Comparison of visualization results.

To visually demonstrate the detection performance of the G-YOLO algorithm model, validation was conducted on the validation sets of the Hazardous Chemical Vehicles dataset, the Cars Detection dataset, and the Traffic Detection dataset, comparing the original YOLOv7-Tiny model with the G-YOLO model. The validation examples are presented below.
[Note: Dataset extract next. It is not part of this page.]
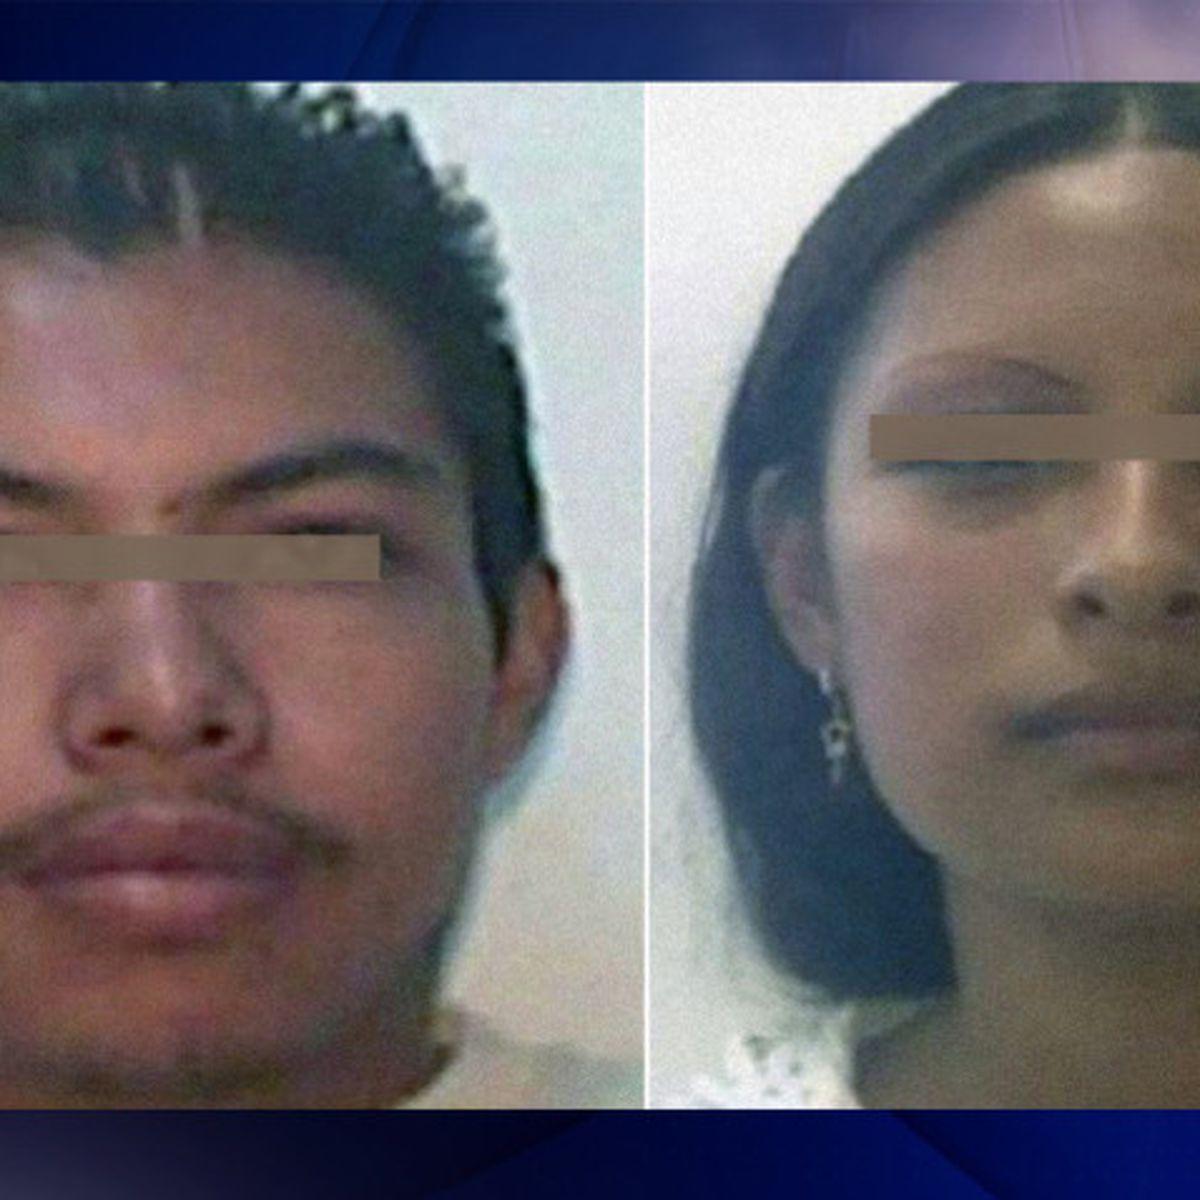 Capturan a pareja señalada como la que raptó y mató a Fátima

By observing Fig 13, the differences between the G-YOLO model and the YOLOv7-Tiny model can be intuitively compared. We selected the Hazardous Chemical Vehicles dataset in real-world scenarios and demonstrated the detection results in scenarios with missed detections and dense scenes. Specifically, through detailed performance metric analysis (as shown in Table 4), the G-YOLO model exhibits higher accuracy and lower miss detection rate. As shown in Fig 13, in dense scenes, the G-YOLO model can accurately label vehicle information, effectively avoiding potential missed detection scenarios that may occur with the original model.

Download:

Fig 13. Validation instances of YOLOv7-tiny model and G-YOLO model on hazardous materials dataset.

(a) shows the validation instances of the YOLOv7-tiny model; (b) shows the validation instances of the G-YOLO model. Reprinted from [] under a CC BY license, with permission from [Pengcheng Zhu], original copyright [2023].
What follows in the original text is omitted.